━━━━━ Information shown ━━━━━

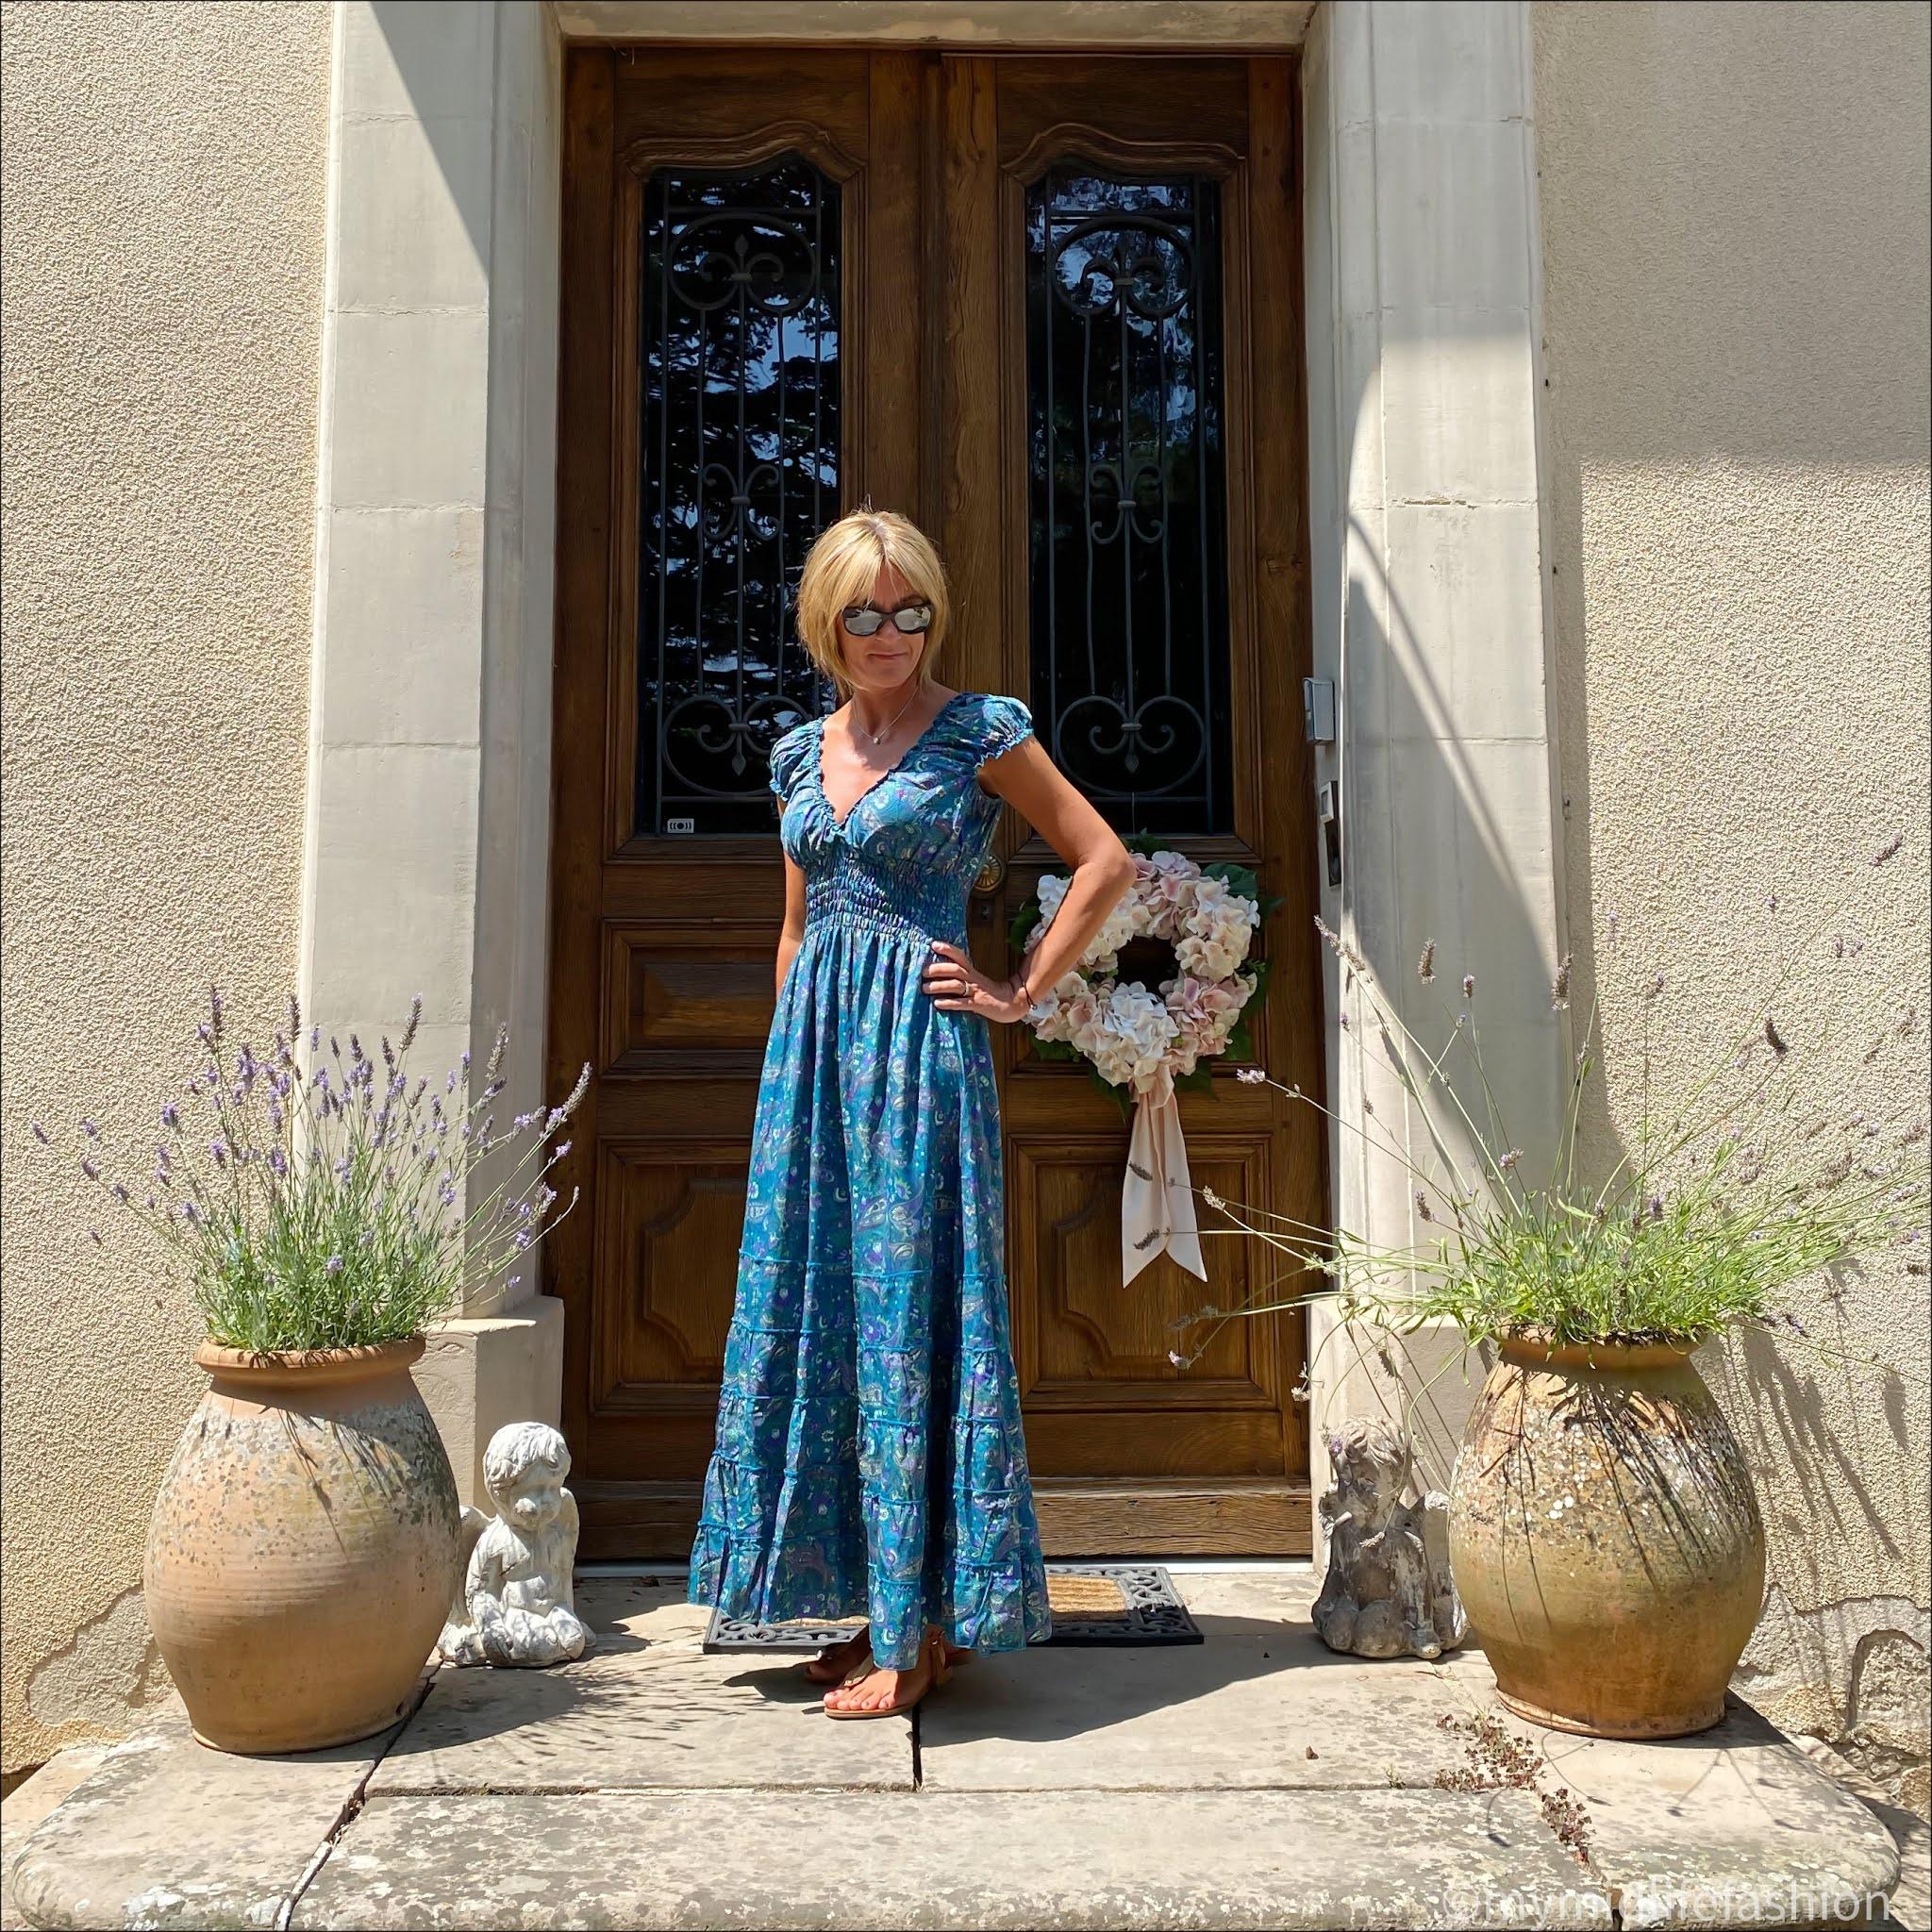 my midlife fashion, Carmela leather thong sandals, maxi patterned elastic dress
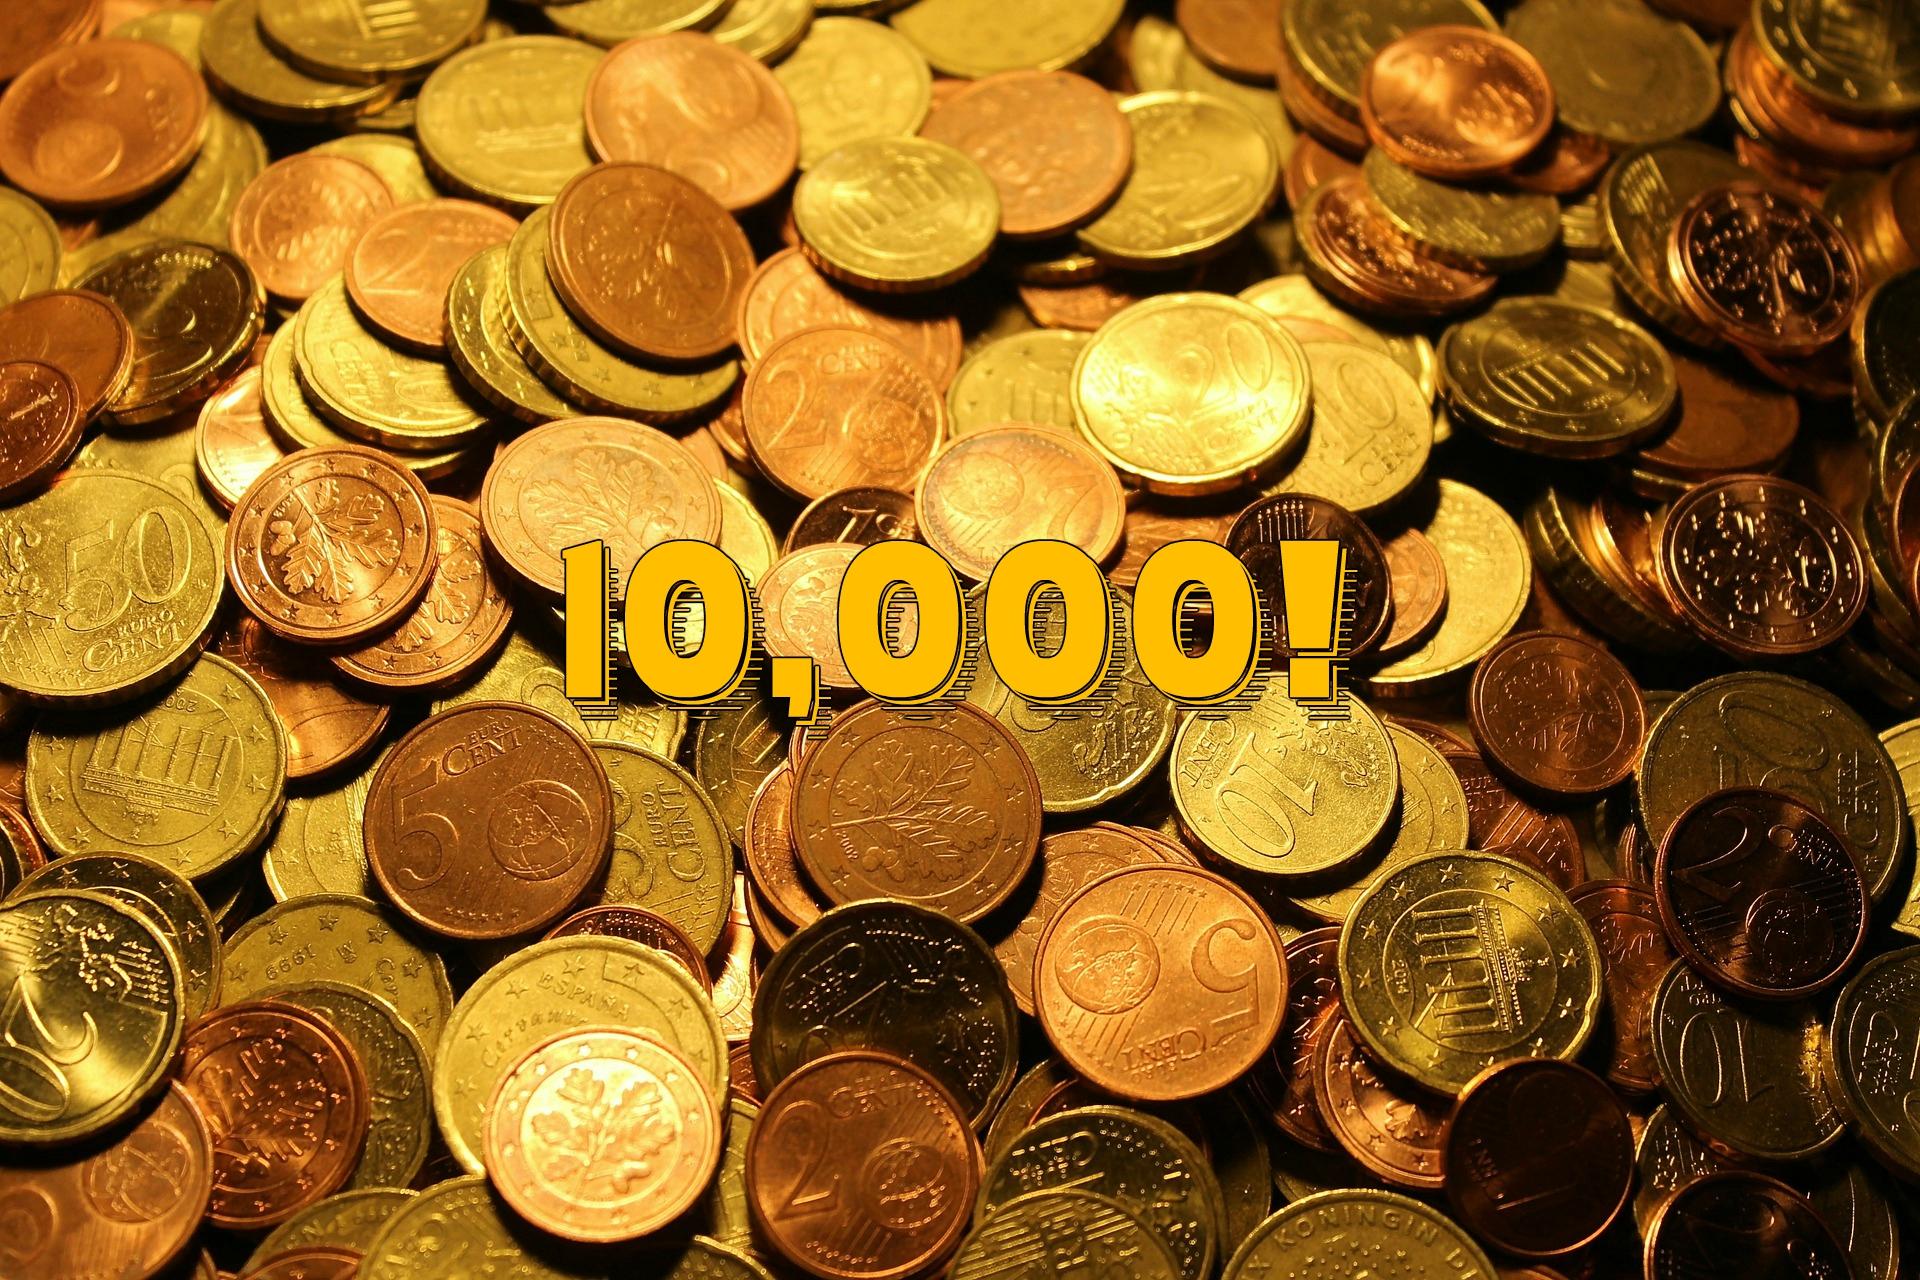 10,000 FM Coins
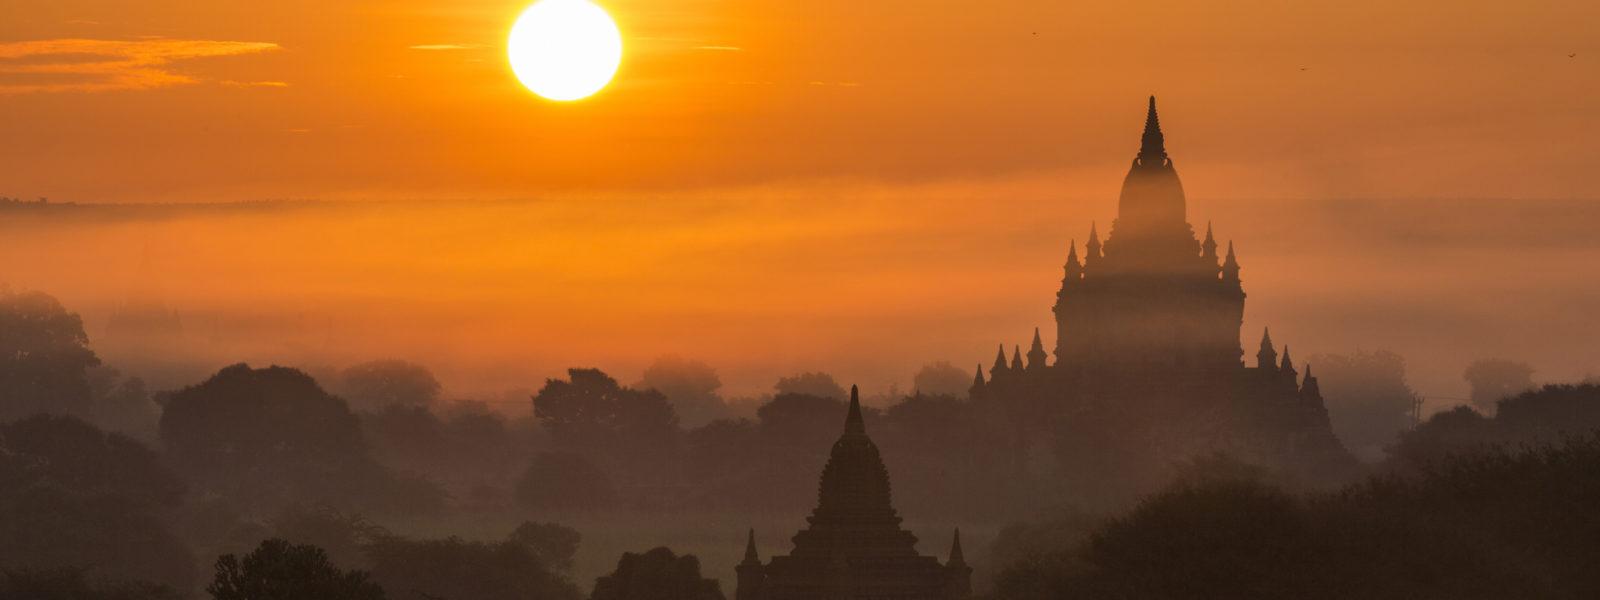 Destinations - Sunset at Bagan - Myanmar - Sampan Travel
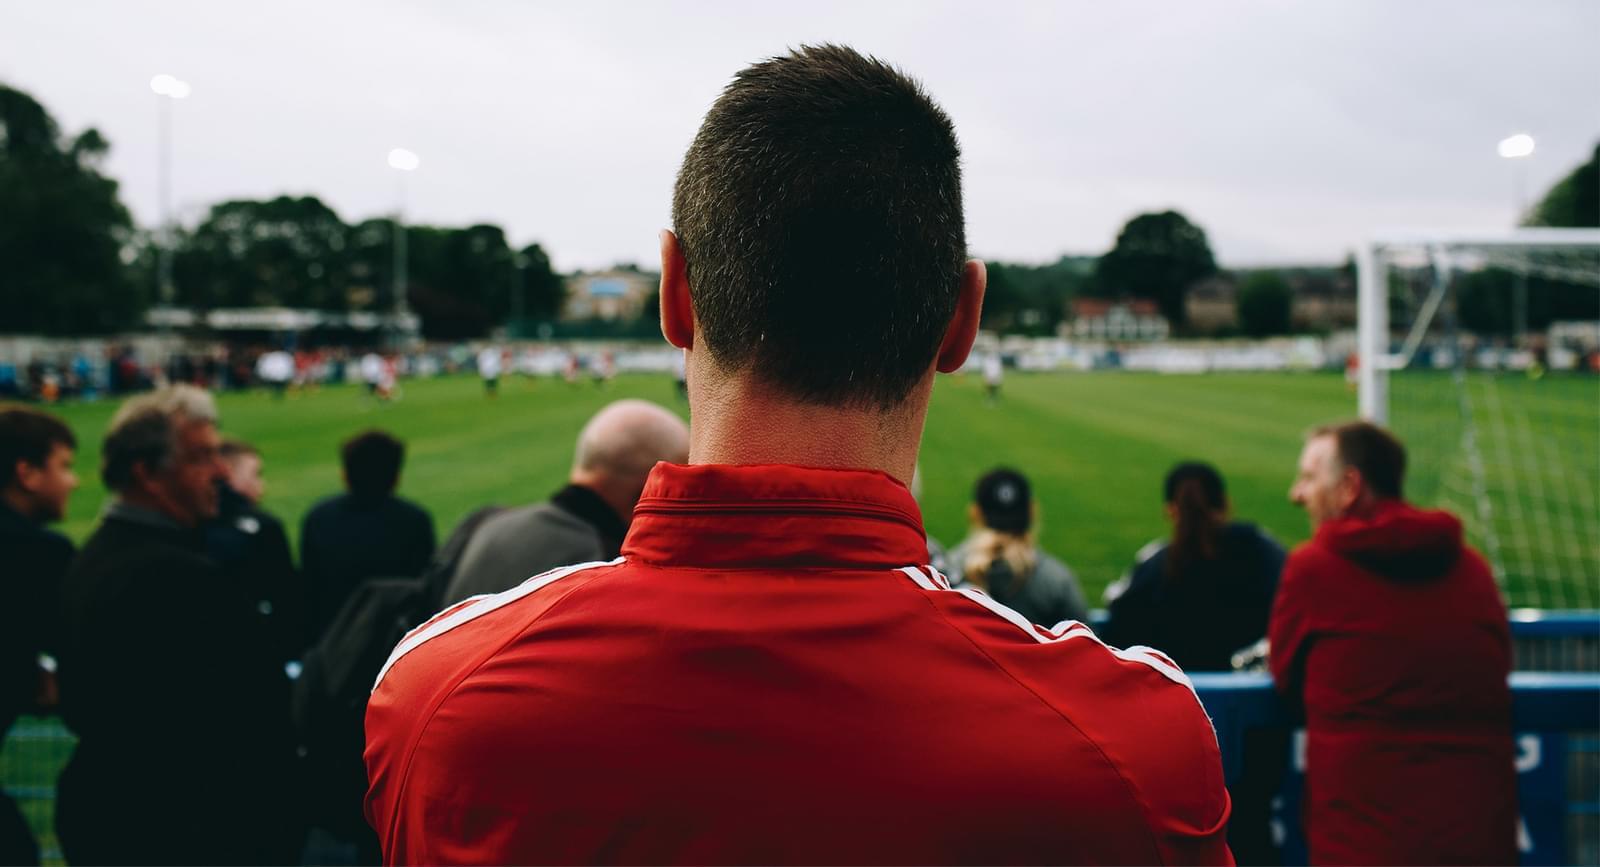 Fan watching a football game.

━━━━━

- _Work instruction_
Set down the data again, exactly, without images.

- _Solution to this problem_
 my midlife fashion, Carmela leather thong sandals, maxi patterned elastic dress
 10,000 FM Coins
 Destinations - Sunset at Bagan - Myanmar - Sampan Travel
 Fan watching a football game.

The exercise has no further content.